We’re seeing consumers increasingly demanding financial services that can provide the immediacy that physical cash transactions once did. In a recent e-commerce survey conducted by Trustly, 65% of consumers stated that the speed and ease of refunds determines where they shop, whilst 95% stated same-day refunds would determine their loyalty to a merchant. It’s clear that there’s a real demand for the replication of the physical transfer of payments in the digital world, and the ease of digital, in the physical world.

Prediction Three: Conscious consumerism will influence fintech organisations offerings 

Conscious consumerism has been a major by-product of the shift towards sustainable shopping in 2021 and is projected to define shopping habits in 2022, particularly amongst millennials and Gen Z. Conscious consumerism is not a passing fad, rather it is the “new normal” in sustainable shopping. Consumers are increasingly willing to invest their money and loyalty into brands that are invoking positive, societal change. Millennials and Gen Z typically research whether the goods and services they consume align with their ethics and passion for sustainable development.

But, consumers also expect to be able to make sustainable payment decisions. We’ve seen the rise in buy-now-pay-later (BNPL) services with PayPal reporting that volumes surged 400% alone on Black Friday. Yet, there are real concerns that the boom in this payment method will see consumers taking on increased personal debt, without even realising it.

As greater awareness around the challenges associated with BNPL services increases — from increased personal debt, to the challenges associated with limited regulation — we’re going to see greater demand from consumers for the ability to pay with the money that they actually have. For example, according to our research, some 71% of consumers prefer to pay with debit and are searching for alternative, debit-based payment methods.

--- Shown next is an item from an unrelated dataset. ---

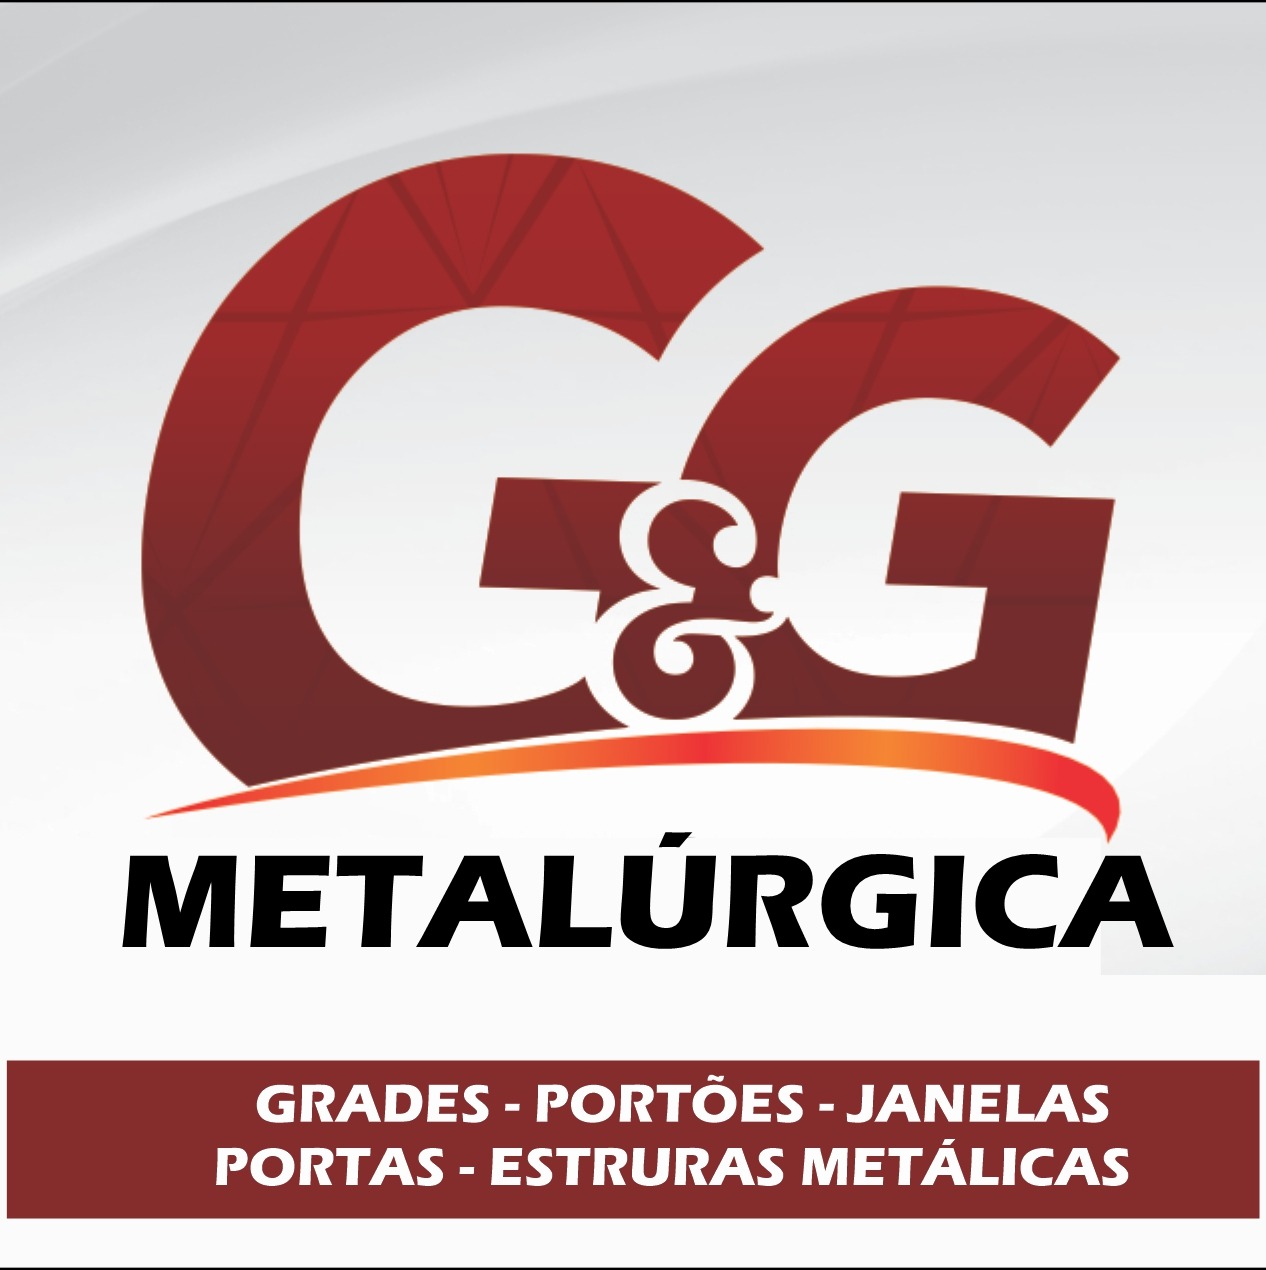 GeG Metalúrgica 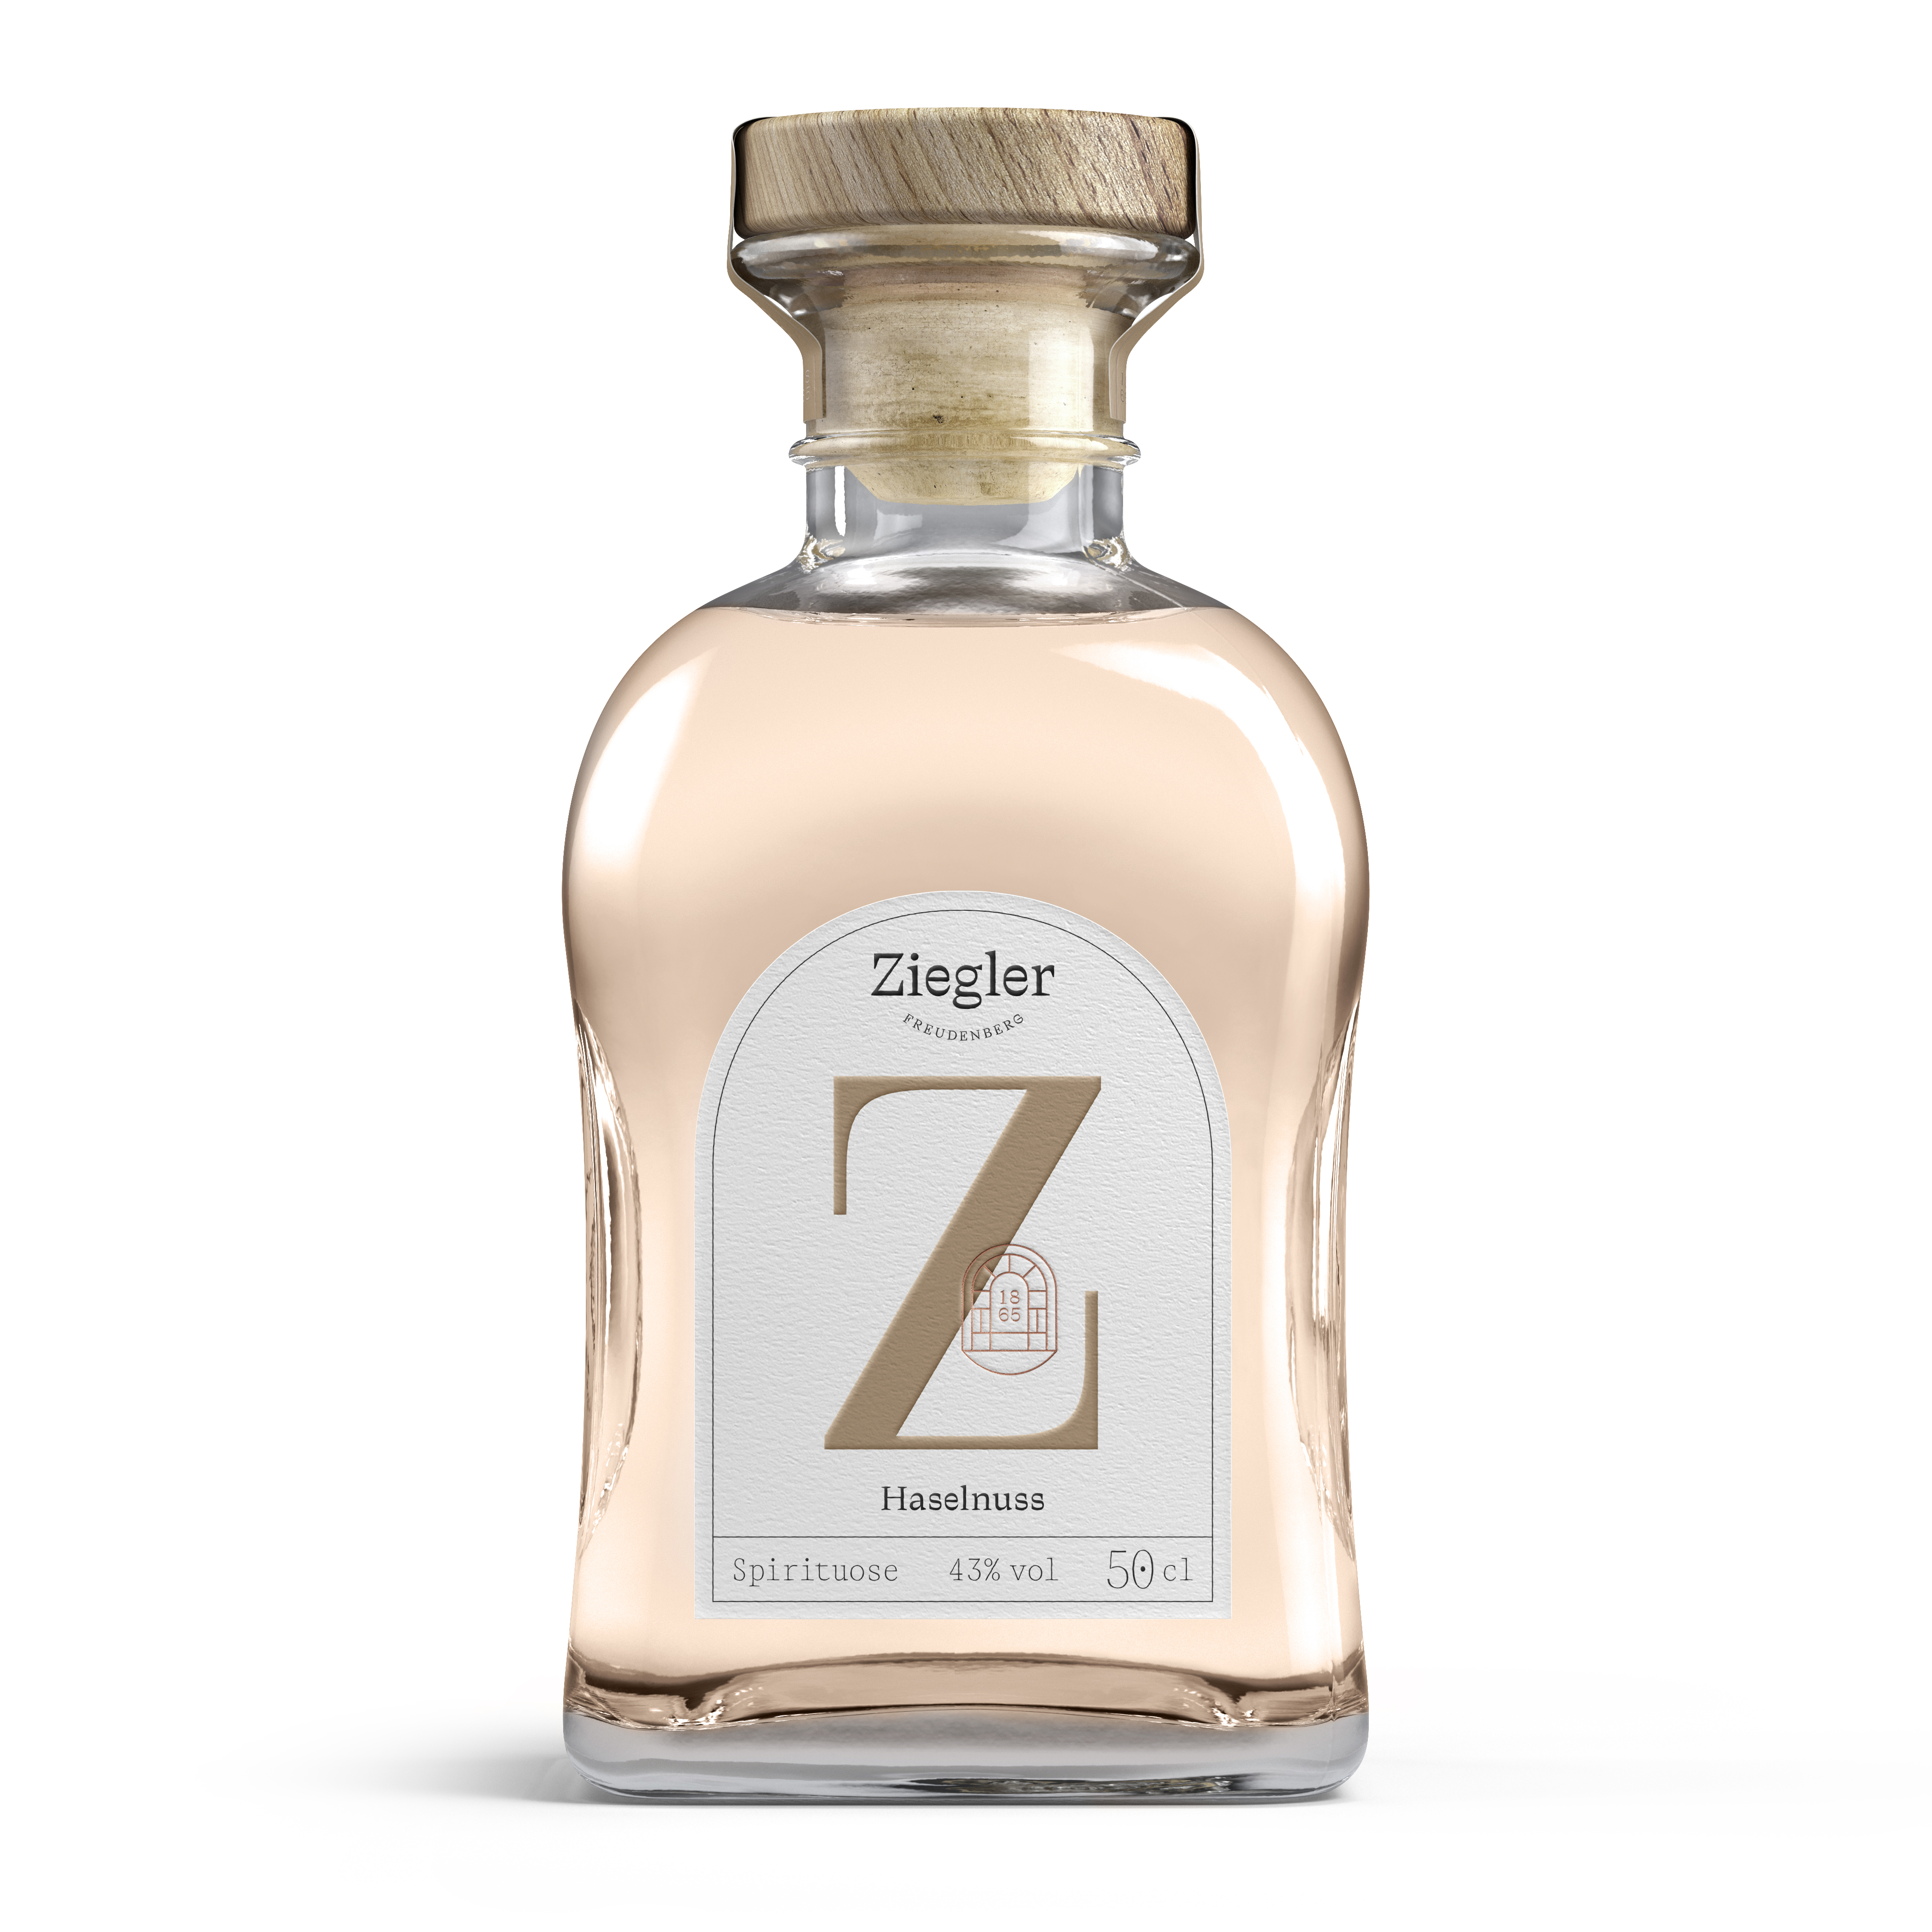 Ziegler Sparset 2 Gastro Bar 43%vol. 2,0l Williams Alte Zwetschge Mirabelle Haselnuss inkl. 2 Ziegler Becher-Gläser

Consumers are demanding more. They want fast, secure and seamless experiences however they interact with a merchant. As such, ‘fintech’ should no longer be thought of as a standalone sector but as an embedded and essential part of how businesses can deliver the experiences consumers want. For example, replicating the demand for the speed of the physical transfer of payments in the digital world, and the ease of digital payments in the physical world. Merchants and ‘fintechs’ able to work together to deliver the best possible consumer experiences will be the ones that flourish in 2022.